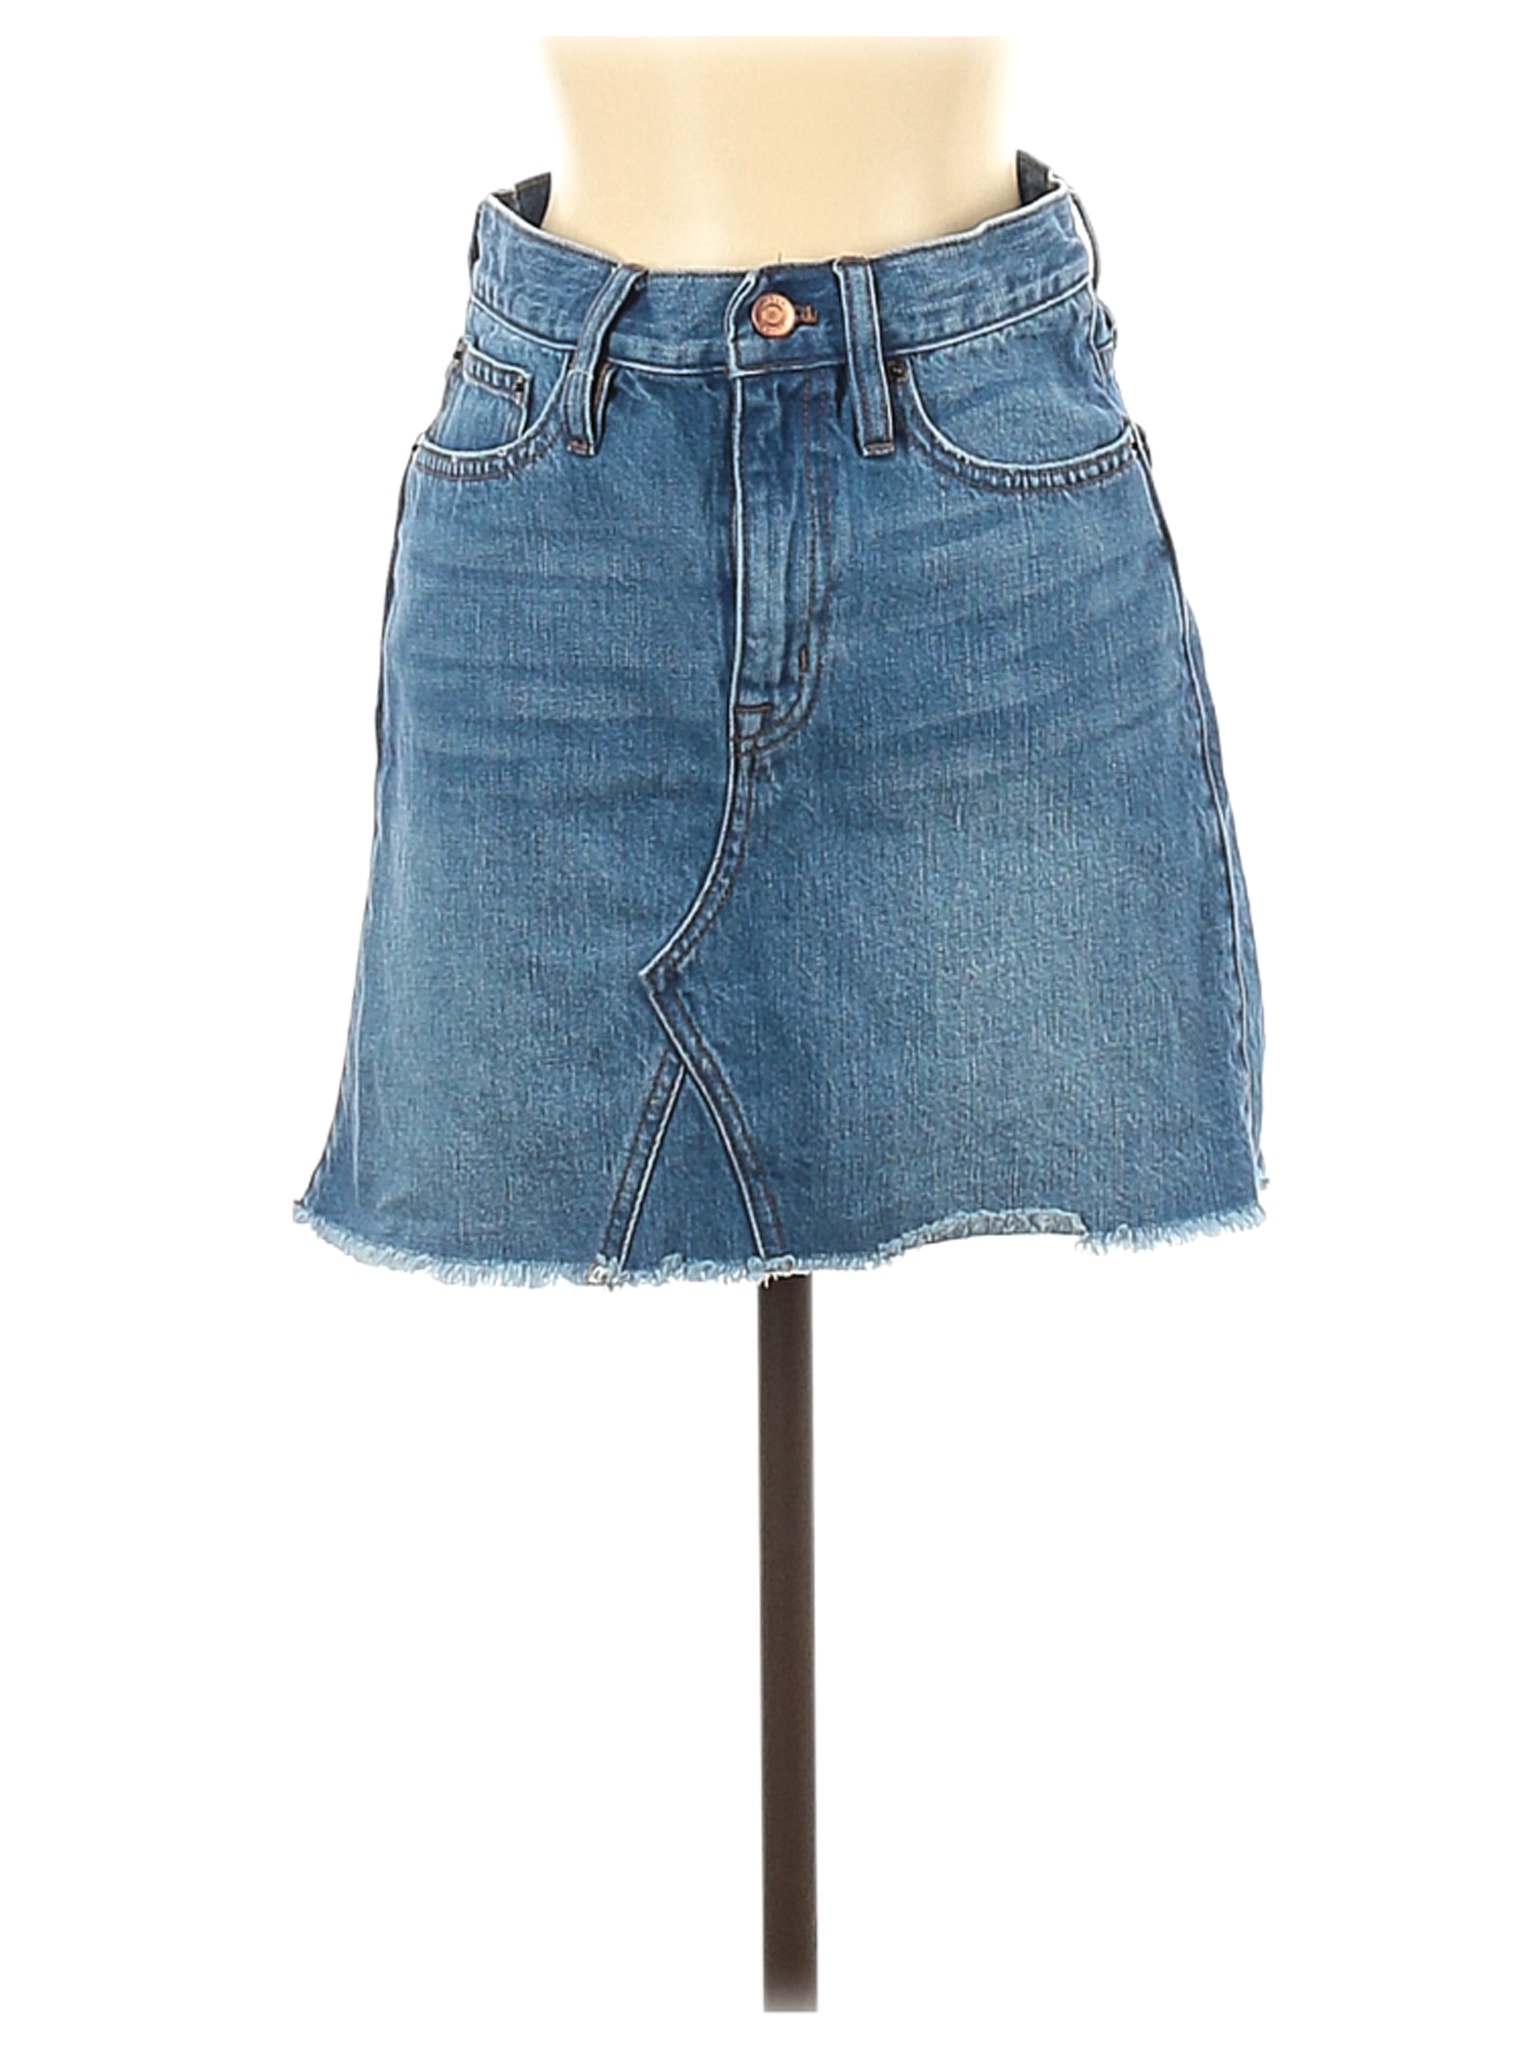 J.Crew Women Blue Denim Skirt 24 W Petites | eBay
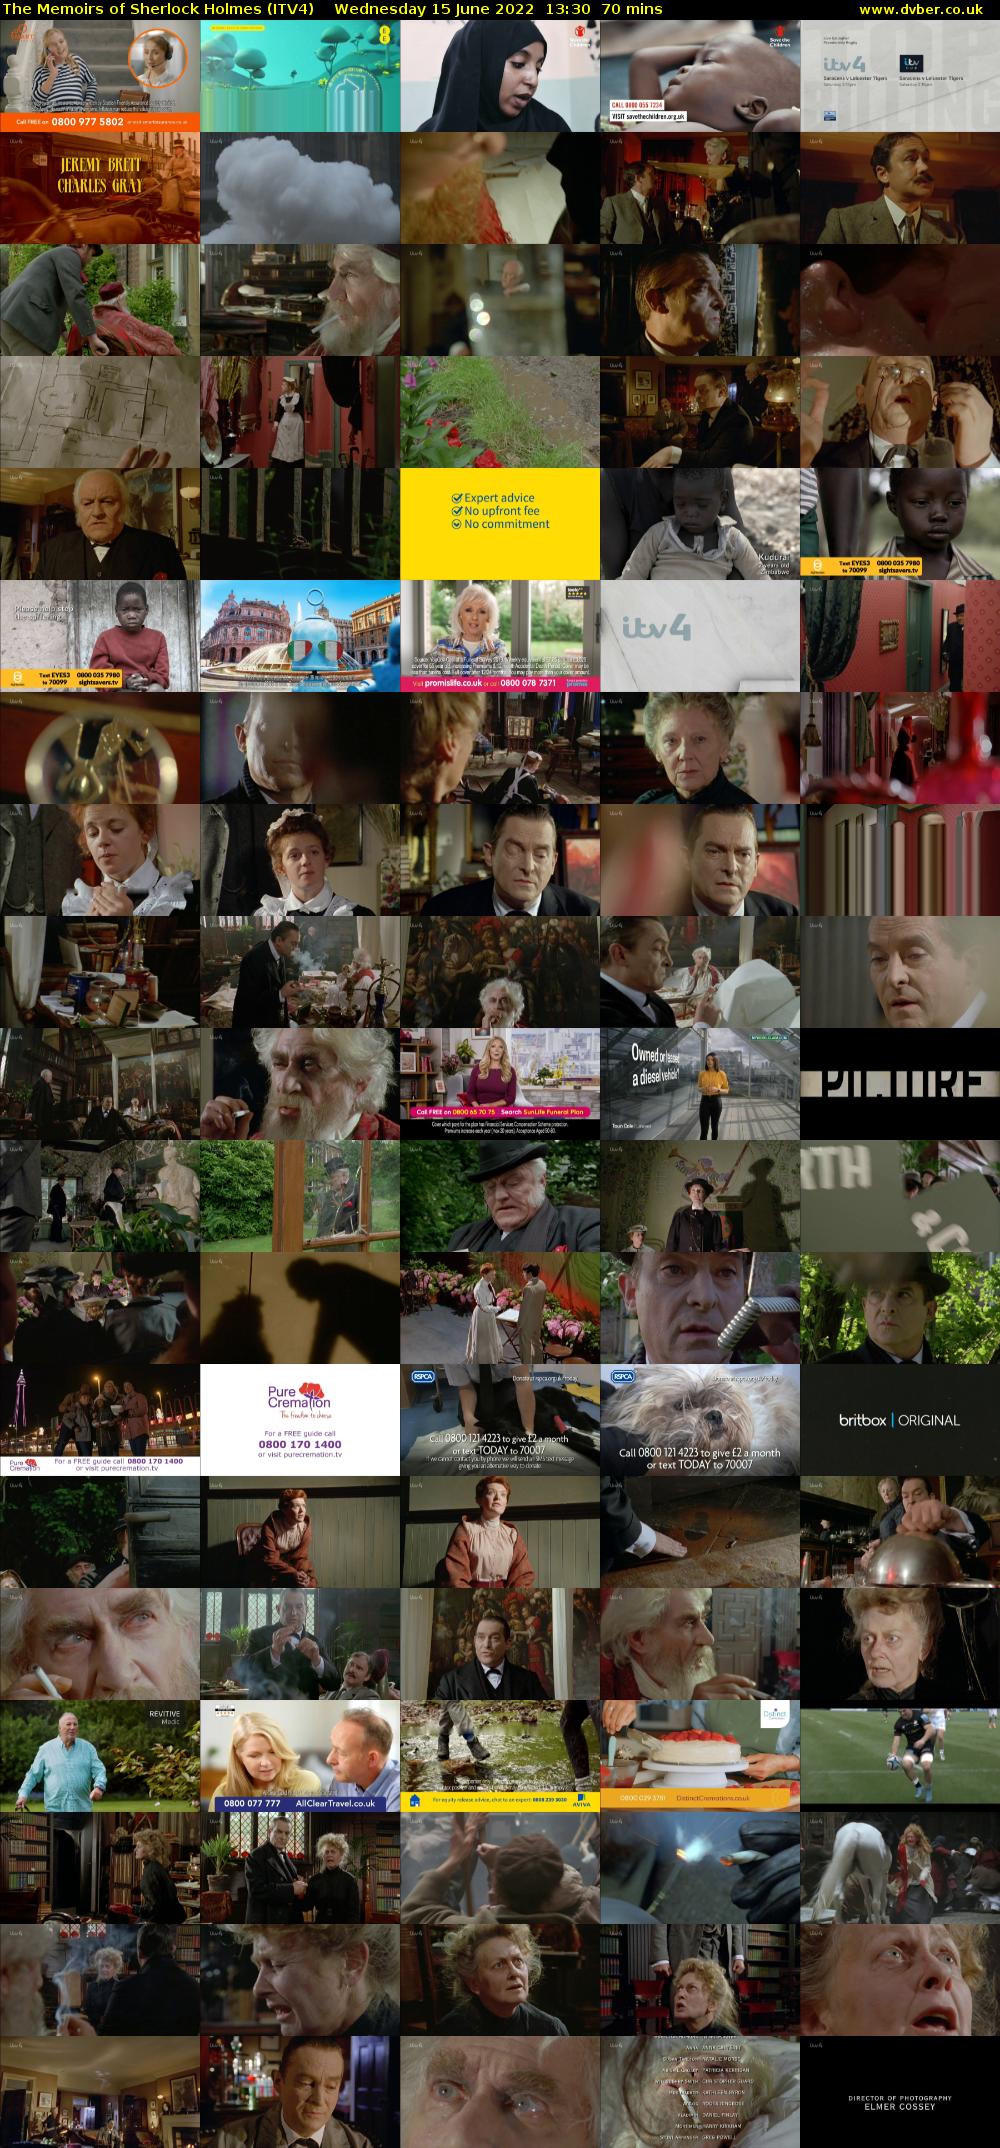 The Memoirs of Sherlock Holmes (ITV4) Wednesday 15 June 2022 13:30 - 14:40
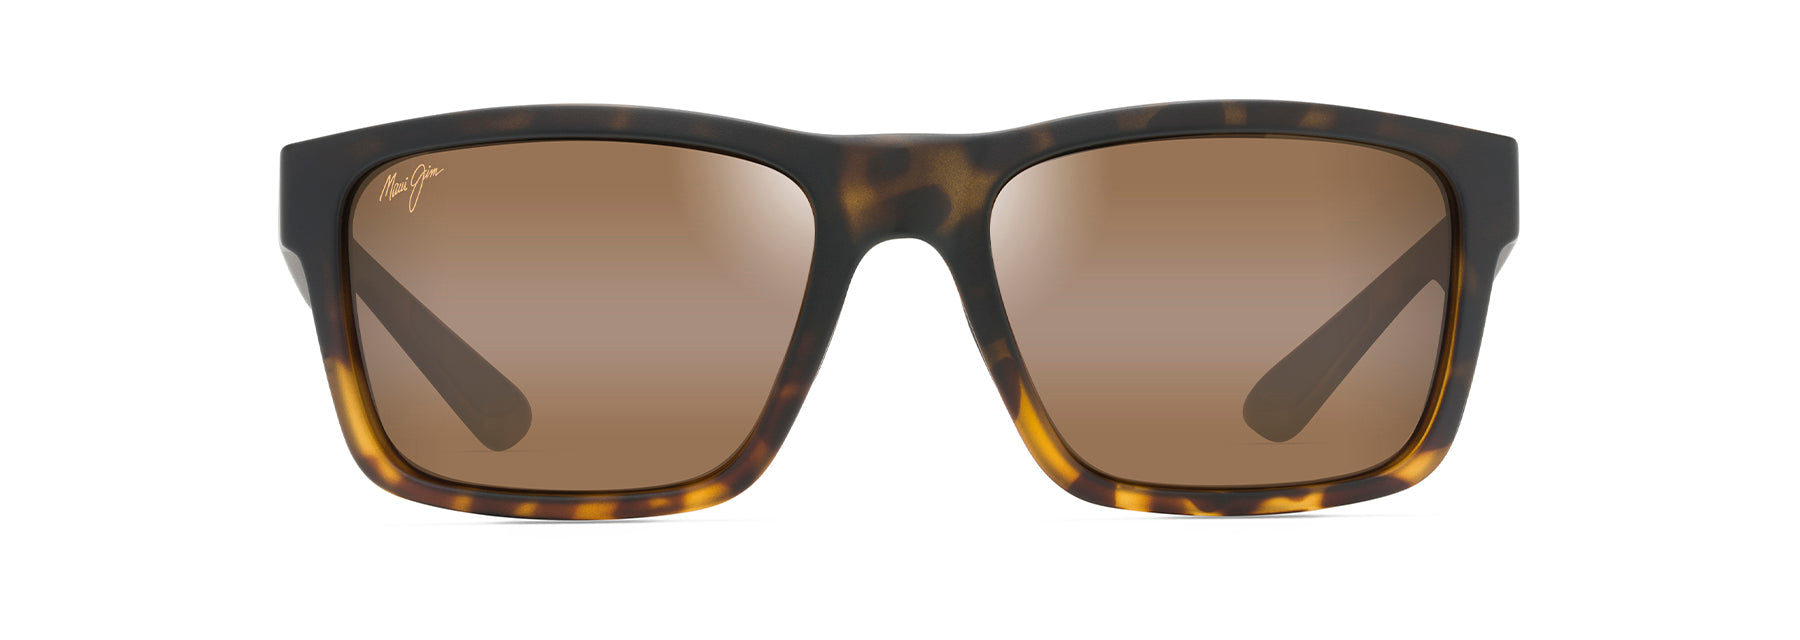 Maui Jim The Flats Sunglasses

--*--

Exercise aim: Pictures do not belong in the copy. Reproduce the rest of the data exactly.

Solved exercise:
 J.Crew Women Blue Denim Skirt 24 W Petites | eBay
 The Memoirs of Sherlock Holmes (ITV4) Wednesday 15 June 2022 13:30 - 14:40
 Maui Jim The Flats Sunglasses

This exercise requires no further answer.